Becker’s Healthcare -- Spine and Orthopedic Podcast
James Mooney, Assistant Clinical Professor of Neurosurgery in the Division of Spine Surgery at Virginia Commonwealth University (VCU) | MCV Physicians
02 Dec 2025
On this episode, James Mooney, Assistant Clinical Professor of Neurosurgery in the Division of Spine Surgery at Virginia Commonwealth University (VCU) | MCV Physicians, joins the podcast to discuss the rapidly evolving future of spine surgery. He explores how AI is helping standardize clinical decision-making, the continued growth of minimally invasive and patient-specific technologies, and what increasing AI involvement means for the spine field in the years ahead.

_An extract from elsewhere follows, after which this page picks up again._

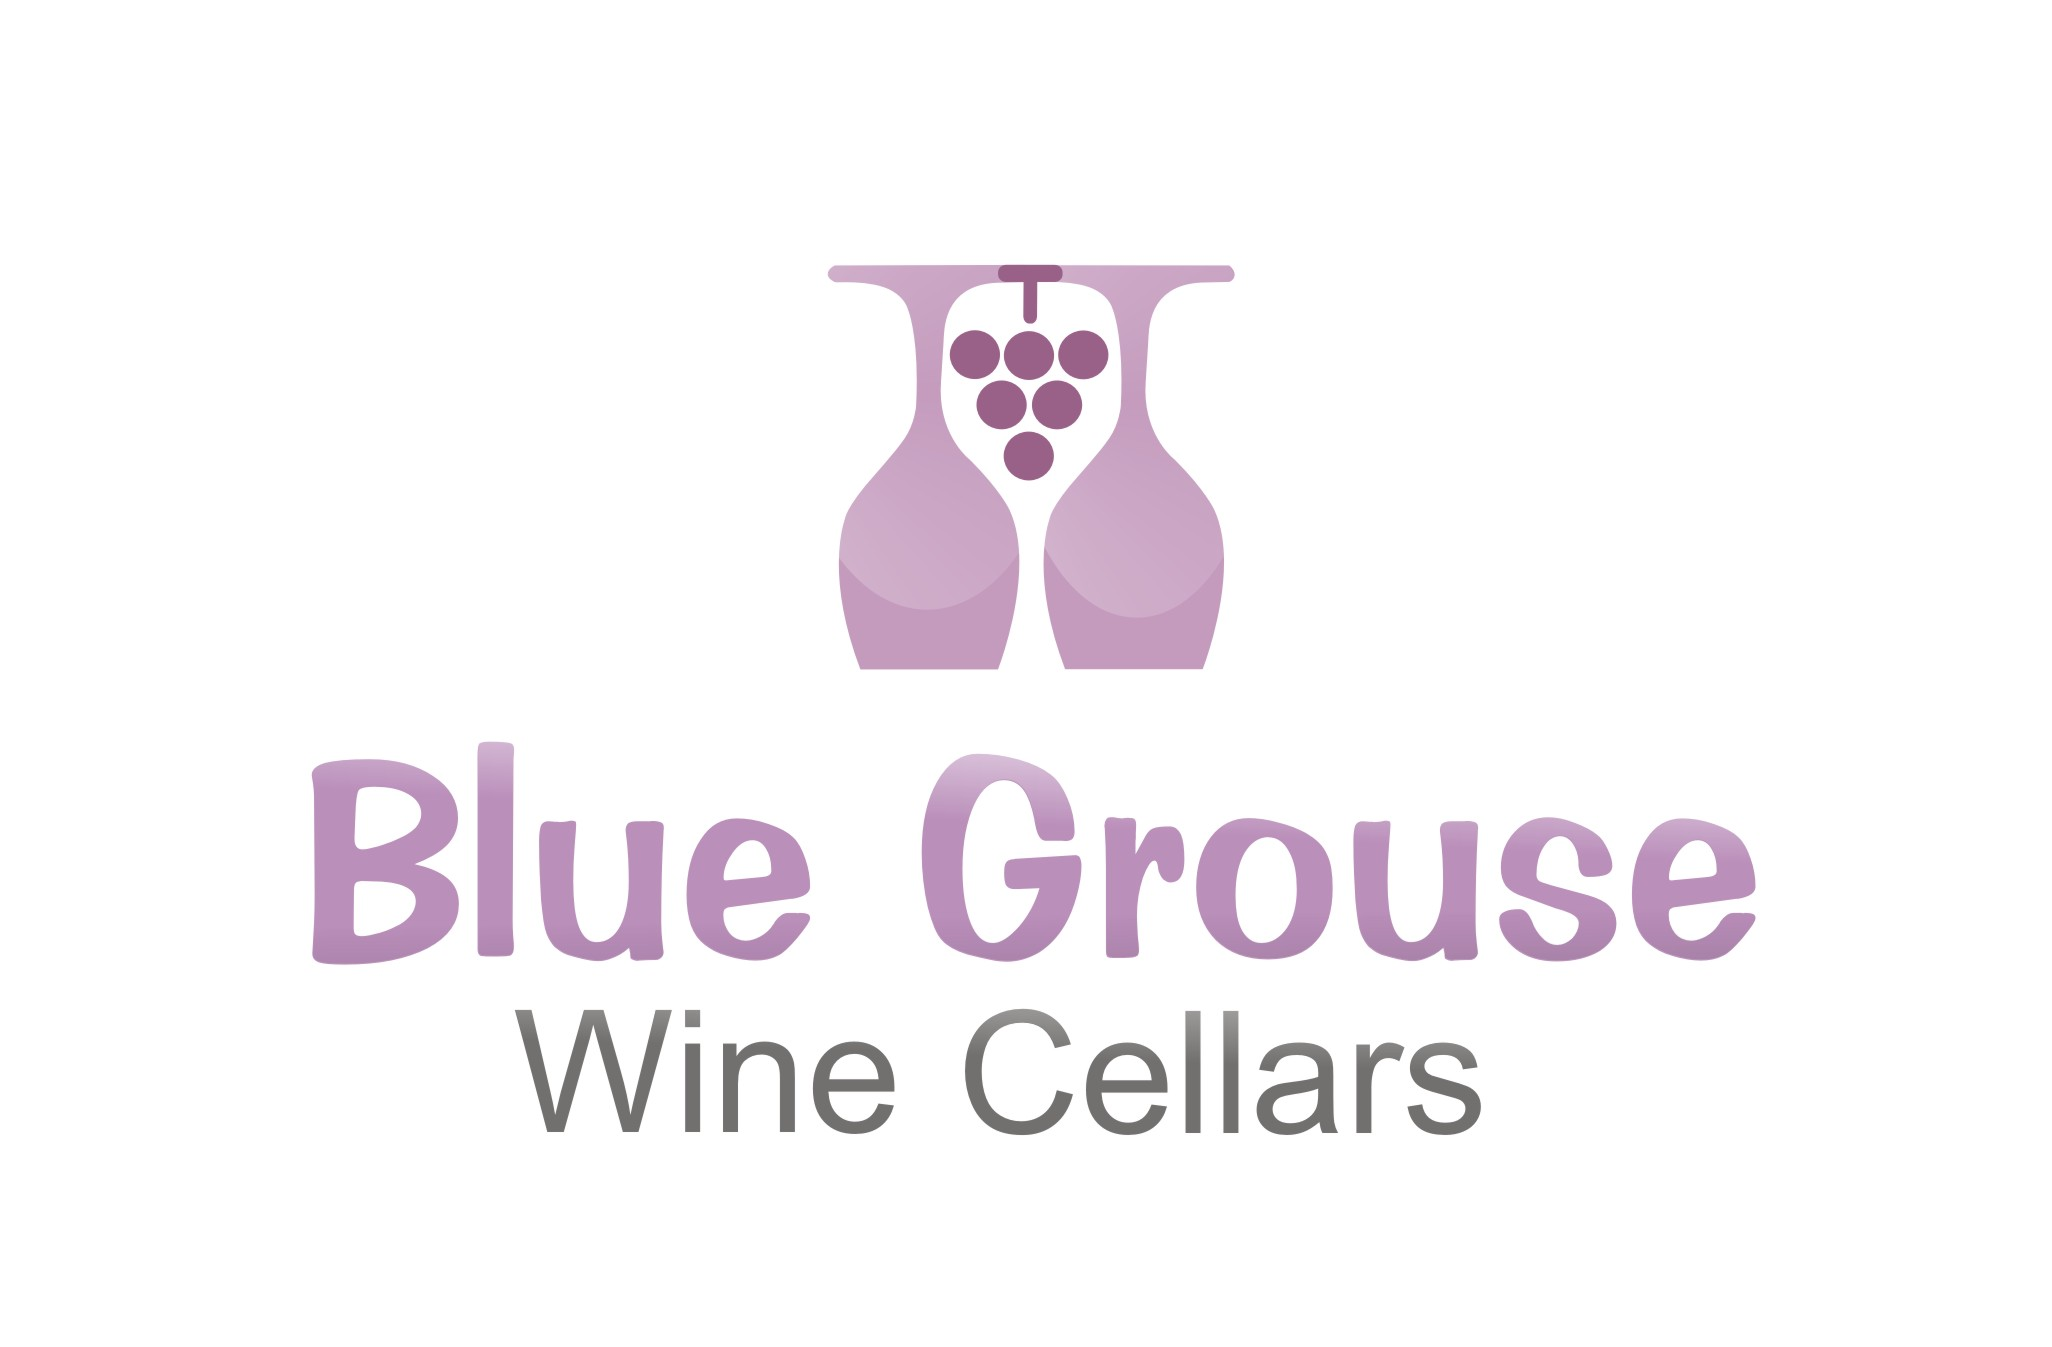 Logo Design by Shailender Kumar - Entry No. 264 in the Logo Design Contest Creative Logo Design for Blue Grouse Wine Cellars.

Chapter 1: What is the background of Dr. James Mooney?
This is Carly Beam with the Becker's Spine and Orthopedics Podcast, and today I'm thrilled to be joined by Dr. James Mooney, a spine surgeon at Virginia Commonwealth University. Dr. Mooney, thank you so much for being here today.
Thanks for having me, Carly. I've listened to Becker's in the past, and I think you guys do a great job covering the healthcare system, so I really appreciate the opportunity.
Absolutely. And thank you for your kind words as well. Before we dive into our questions, can you just introduce yourself and share more about your background?
Yeah, so my name is James Mooney. I'm a complex and minimally invasive spine surgeon here at Virginia Commonwealth University in Richmond, Virginia. I'm a new faculty. I did my training down in Birmingham, Alabama at the University of Alabama for seven years in neurosurgery residency, and then I was up in Pittsburgh, Pennsylvania for a complex and minimally invasive spine deformity fellowship.
I'm so excited to be in Richmond and growing the program here.
Yeah, it sounds like you have a lot of expertise and just the full gamut of spine surgery. Can you talk about some of the biggest spine trends that you're following in healthcare?
Yeah, of course. So I think, you know, with any field, artificial intelligence is at the forefront of everyone's minds. And so from my standpoint as a complex spine surgeon, you know, I think about what are the areas that AI is going to assist us with in the OR. And so I think there's a number of categories as far as planning for these bigger spine deformity surgeries.
So, you know, that ranges from radiographic planning to the execution of complex spine surgeries. You know, ultimately, I think we're heading towards a future where every surgery is ultimately planned and executed according to evidence-based And that's multifactorial where AI can, number one, help us choose who to operate on. Number two, help us construct our surgical plans.
And then lastly, help us execute the plan in the OR and monitor our progress towards our preoperative goals intraoperatively. And then I think really the next frontier for artificial intelligence and healthcare as a whole and specific to spine surgery is incorporating these AI paradigms into our clinical decision-making.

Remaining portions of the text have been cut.